Analytics can be both traditional and advanced. There is a fundamental difference between traditional and advanced analytics. In the healthcare industry, this difference is prominent in the continued relevance of Advanced Healthcare Analytics. The process followed to design and solve analytical problems is more complicated and multi-layered in advanced analytics. For example, in traditional analytics, the analysis is typically built to be repeatable and templates are built and made available for use. Thus, the types of information analyzed and the format in which the information is presented is predefined.
Advanced Healthcare Analytics has become more mainstream in recent times and it uses an approach of asking questions and expressing doubt before diving into a set of data for analysis. This way, the data can be interpreted in different ways and the end or receiving part of the information, collect what they want from it. In advanced healthcare analytics, software providers provide a friendly interface that enables people of various backgrounds that are not necessarily in IT to be able to access and utilize data to answer the questions they have. The user-friendly software provides suggestions and techniques that guide the user in selecting and processing relevant information from multiple resources
Advanced Analytics in Other Industries
Besides advanced healthcare analytics, advanced analytics is also present in other industries. It is used quite a lot and you’ve probably used it at some point even if you didn’t know you were using advanced analytics at that time. Let’s discuss some industries that use consumer-facing advanced analytics.
Advanced Analytics in the Online Industry
You can find advanced analytics in almost every corner of the internet. One major place you’re probably familiar with is Google Search.
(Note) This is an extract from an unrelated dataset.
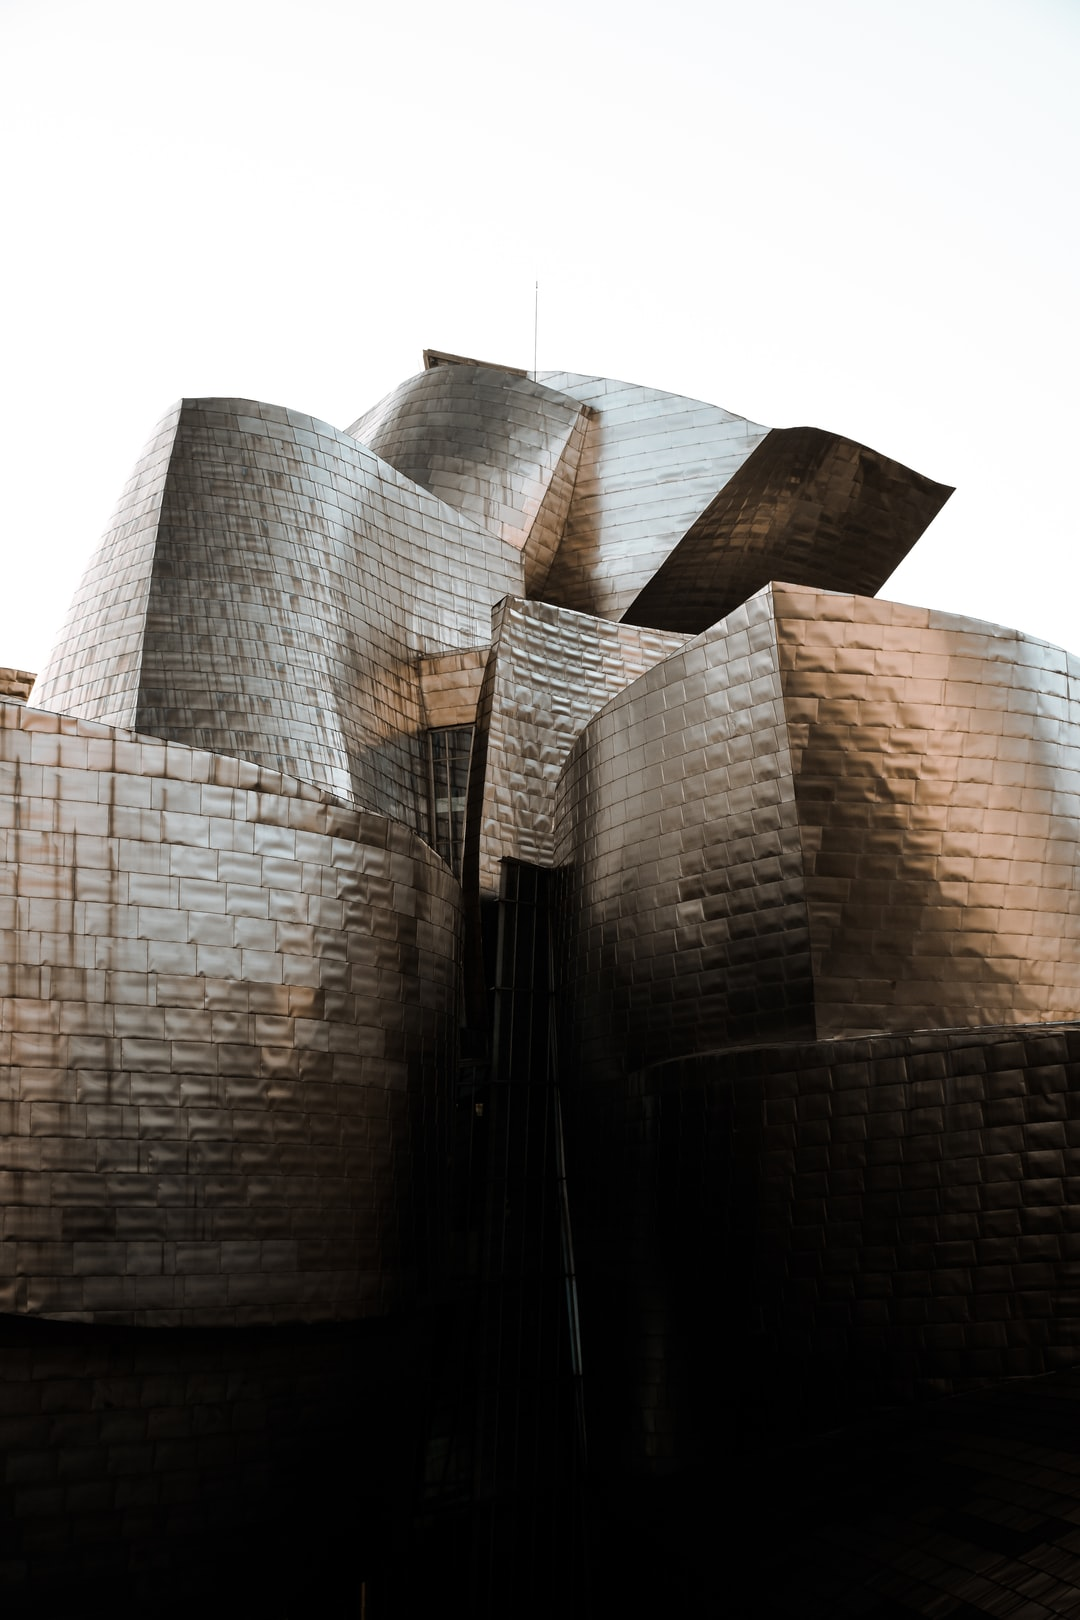 Architecture in Spain edoardo_ghost_cuoghi on instagram

Google search uses advanced analytics both at the user interface and the backend with business and website owners to sort through data and provide you information whenever you search for something or post something on the web. A huge part of this process is called semantic search. Semantic search is the study of words and their meaning or logic. In the internet, Google and other search engines, use semantic search to improve search result accuracy by trying to understand what a person is searching through contextual meaning. Semantic search uses, synonyms, copy matching, natural language processing, and algorithms. With this tools, semantic search can provide an advanced analytics meaning of a user or searcher’s intent and with this, it can deliver more personalized answers and results to a search query.
Semantic search provides a plethora of advantages. Providing more relevant data means less spam and maximizes users experience. With Big data growing ever so rapidly, and world data doubling every two years, being able to source for relevant data has become a necessity. The process of organizing, structuring, and semantically connecting data has become more important than ever.
Google has advanced engines and systems like latent semantic indexing (LSI), latent Dirichlet allocation (LDA), and term frequency-inverse document frequency (TF-IDF) that use weighing schemes and predetermined weighted relationships to determine quality. Put simply, these robots, through their use and understanding of natural language processing, know what words usually go together and so they can filter out spam because spam is usually a stuffing of words that have no meaning and are not natural to read. Semantic search and advanced analytics are used as a weapon in the war against spam.
Advanced Analytics in the Auto-Industry
Advanced analytics is used in the creation of driverless cars. There have been attempts to create driverless cars since the 70s but it wasn’t very successful. The current development of small supercomputers, AI, super GPS navigation systems and powerful computer ships, self-driving cars are becoming more of a reality than it is science fiction.
The recognized leader in driverless cars used to be Google but now it’s hard to say as Tesla and Apple are also struggling to lead that space. These companies have invested millions of dollars in research and development and in inventing new technology that would help them make autonomous self-driving cars. Both Tesla and Google have tested their driverless cars on roads and are nearing the point where they can start to commercialize these self-driving cars. In October 2016, Tesla announced that all new Tesla vehicles will come equipped with all the hardware needed for fully-automated driving. Tesla which is known to lead in innovation is quite comfortable that their technology is ready to be shared with the public. Before this is done, they would have to go through some regulatory tests and pass all the approval processes needed. Another company that’s also entering this space is Uber. Uber has announced plans to have a fleet of fully automated Volvo XC90 SUVs on the road by 2021. Already deep into the R&D stage, Uber is convinced that the Uber driver will become extinct in Pittsburg, where it plans to begin testing sooner rather than later. Talk about replacing humans with machine huh…
Now the big companies, the so-called Unicorn companies might be jumping head first into the driverless car technology but other companies prefer to ease into it. These manufacturers are entering the space by introducing features that can assist you when driving without necessarily taking the wheel. Some of these features are Automatic braking, collision avoidance systems, pedestrian and cyclists alerts, cross-traffic alerts, and intelligent cruise controls etc. These driver-assist features are powered by AI.